# First planted aquarium!



## scooterlady (May 10, 2011)

Hi all! I'm Donna from Salem Oregon and I just wanted to get some opinions on the new setup I'm planning to start within the next month or so. Okay, here goes.

the new tank is a 29 gallon and I'm planning an Amazon theme. In the research I've done, I've decided to go with a sponge filter setup and upgrade the bulb in the hood that comes with the tank. I'm going to go with the SeaChem Flourite for the substrate. Haven't gotten the numbers on the water, but from what I remember from my last tank that the water here is pretty good, soft and neutral. Here's what I was thinking of putting in the tank. A pair of Bolivian Rams, 10-12 flame tetra or bloodfin tetra. Would like to know which would compliment the colors of the Rams better, and 5 panda cory's. I need to know if this is too much for the tank, or is it okay for a well planted aquarium? I'm planning on at least a 30% water change every week. I know how to cycle a tank, and I plan on taking my time. 
*c/p*


----------



## jrman83 (Jul 9, 2010)

10-12 bloodfins could be a little much since they get to 2.5 inches in length. I'd go with the flame tetras.


----------



## scooterlady (May 10, 2011)

Thanks...still undecided on which tetra I'm going to get. I've been told the bloodfins will be just fine in a well planted aquarium of this size since the plants do most of the filtering and getting rid of the amonia. I'm going to base my decision on which tetra compliments the colors of the bolivian rams and availability of course.


----------



## Gizmo (Dec 6, 2010)

Sounds like a good setup, however I would spice up the substrate a little - I would go 33% Fluorite, 33% pool filter sand, 33% sphagnum peat moss, with maybe some potting clay or API Laterite thrown in the mix for iron. Fluorite is great on its own, but I've noticed a marked difference in plant growth in the "beaslbob" substrate arrangement listed above.

Keep in mind you might not even want the Fluorite and just go 66% pool filter sand, because it's more gentle on your bottom dwellers, but I have a pleco, two frogs, and some snails and shrimp that all don't mind my Fluorite top layer at all.

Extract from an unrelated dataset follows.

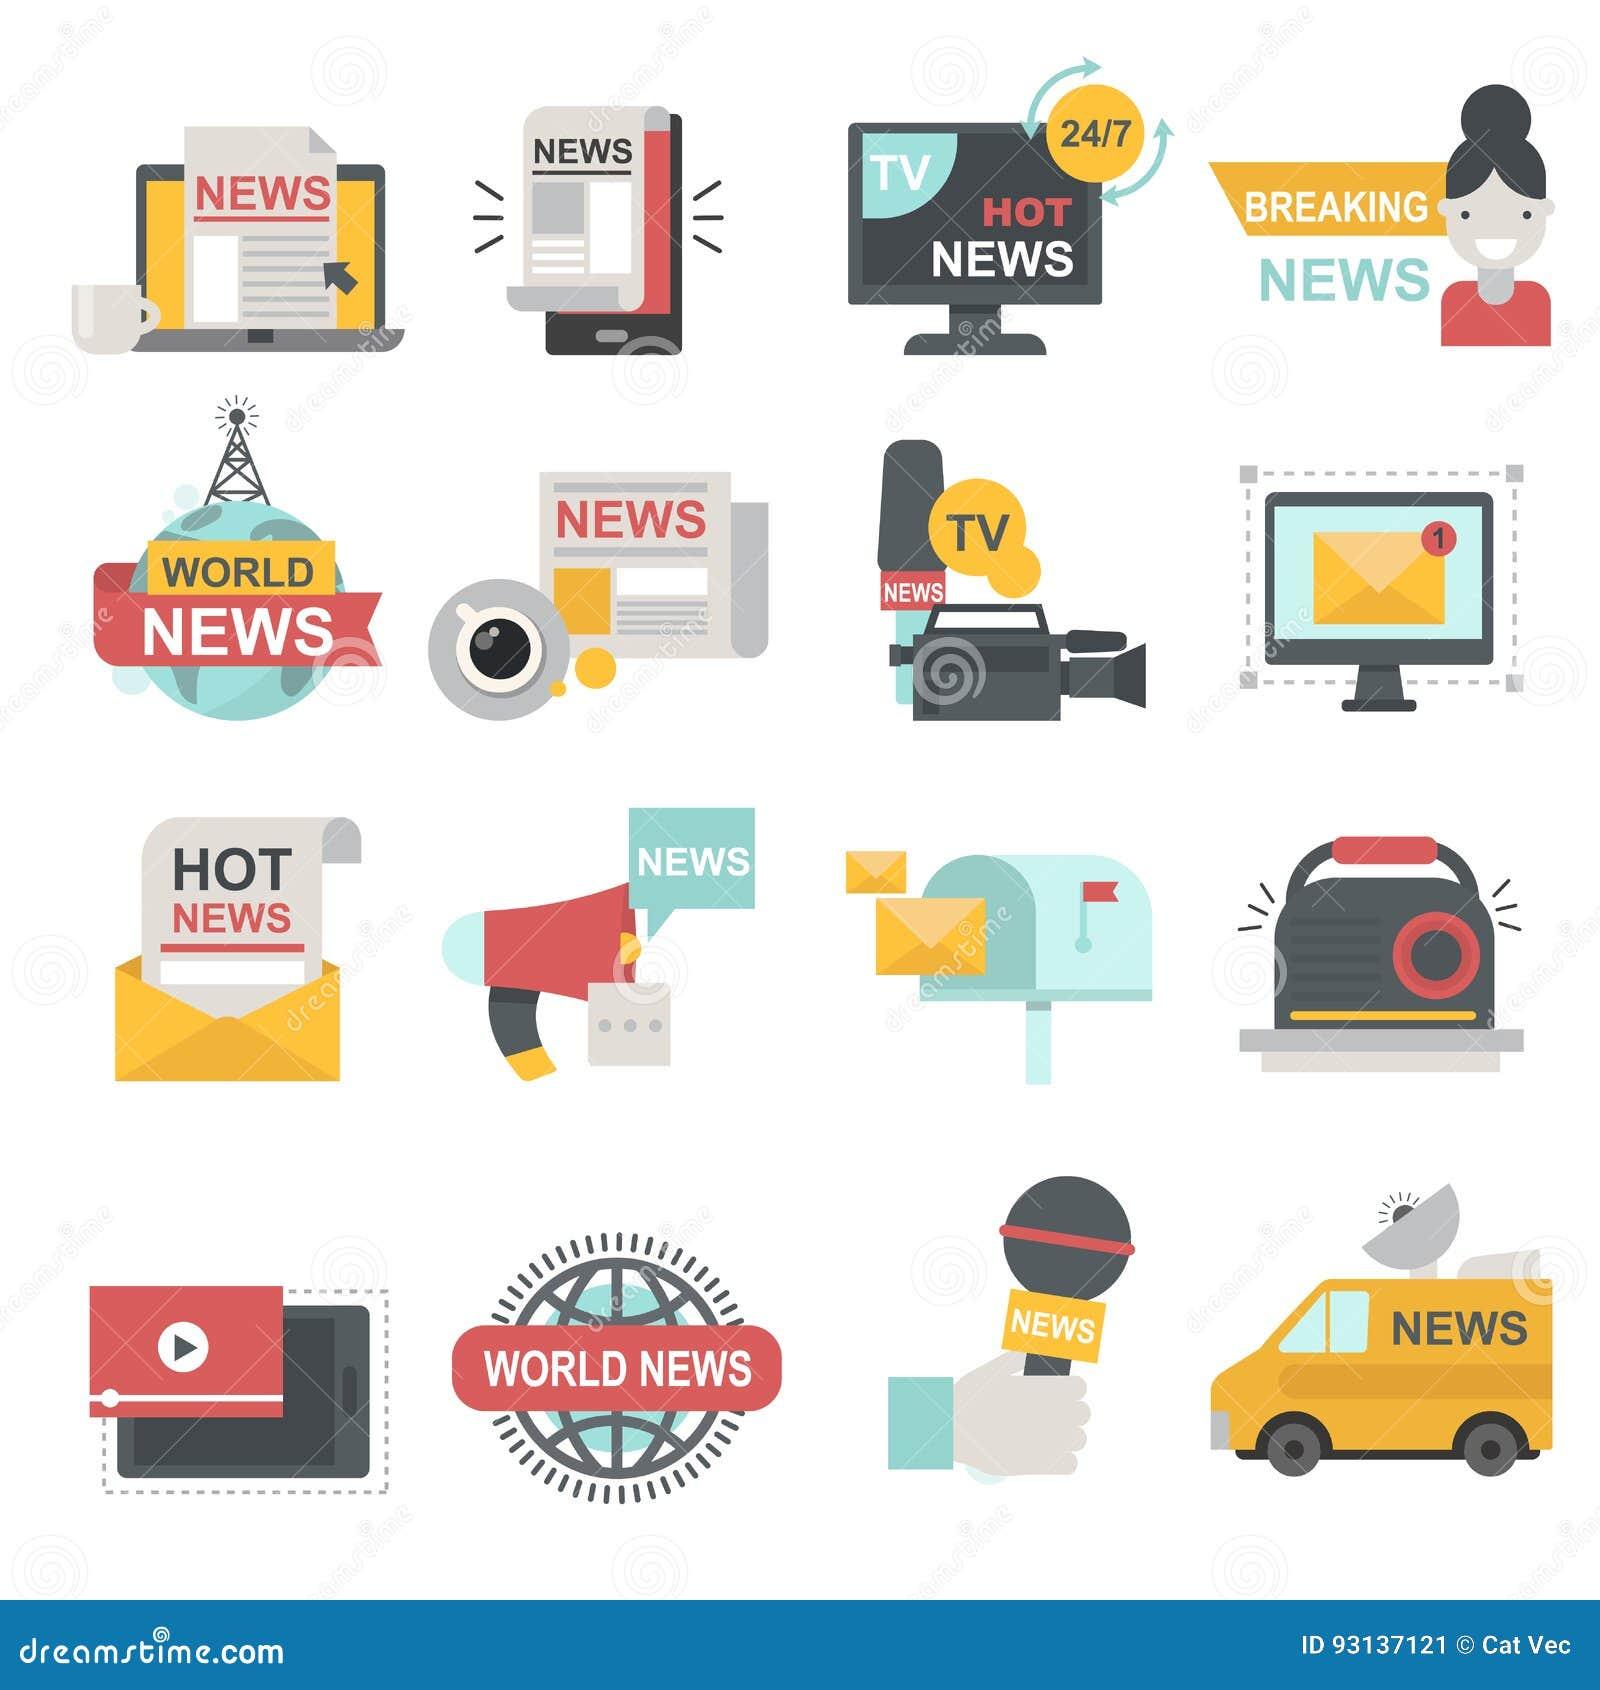 Mass media icons set with telecommunications radio beaking news broadcast TV or website symbols flat isolated vector

Lastly, I suggest pool filter sand because aquarium shops only carry cichlid sand that alters your pH, and you could go with play sand (like Quickcrete from Home Depot), but it's VERY dirty compared to pool filter sand (available at pool&spa hardware and chemical stores).


----------



## jrman83 (Jul 9, 2010)

scooterlady said:


> Thanks...still undecided on which tetra I'm going to get. I've been told the bloodfins will be just fine in a well planted aquarium of this size since the plants do most of the filtering and getting rid of the amonia. I'm going to base my decision on which tetra compliments the colors of the bolivian rams and availability of course.


Plants can take you a little farther in your bio-filter capacity as it helps remove potentially harmful things to your fish (ammonia, high nitrates,..), but don't get stuck in the belief that it means you can stretch things and be okay. At best, IMO, it will help keep a fully stocked tank stable. It doesn't really allow you much room to go beyond fully stocked. Stress from overstocking is not felt by us the fish keepers. Just keep that in mind. The more you push the limit, the more you risk stressing the fish, which leads to weak immune systems and eventual death.


----------



## tra_la_la (May 7, 2011)

Hi, Donna! I'm also in Salem and just planning on starting a 29g planted tank, too. If you don't mind me asking, where are you sourcing your fish/plants? I'm not too keen on the local big box pet stores around here, though generally resort to shopping there due to location. I'm probably going to have a school of tetras and some otos if I am able to find any. Thanks.


----------



## scooterlady (May 10, 2011)

Hi! I was just going to use Petsmart for the Bloodfins and Panda Cory's. I've had pretty good luck with their fisth in the past...not so much with Petco. The Bolivian Rams I've heard that I can get at The Wet Spot up in Portland. Plants, I was going to order through AquariumPlants.com Their prices seemed reasonable and most of their customers seemed happy. They also carry everything on my list. I hate going to different places...I'd much rather shop at one place.


----------



## majerah1 (Oct 29, 2010)

jrman83 said:


> Plants can take you a little farther in your bio-filter capacity as it helps remove potentially harmful things to your fish (ammonia, high nitrates,..), but don't get stuck in the belief that it means you can stretch things and be okay. At best, IMO, it will help keep a fully stocked tank stable. It doesn't really allow you much room to go beyond fully stocked. Stress from overstocking is not felt by us the fish keepers. Just keep that in mind. The more you push the limit, the more you risk stressing the fish, which leads to weak immune systems and eventual death.


I have to agree 100%.I dont think the real basis of the number of fish is just what the filter can handle,even if thats a major part.You still need to remember they need room.One of the things many people dont think of,since we are used to overcrowding ourselves and even other pets.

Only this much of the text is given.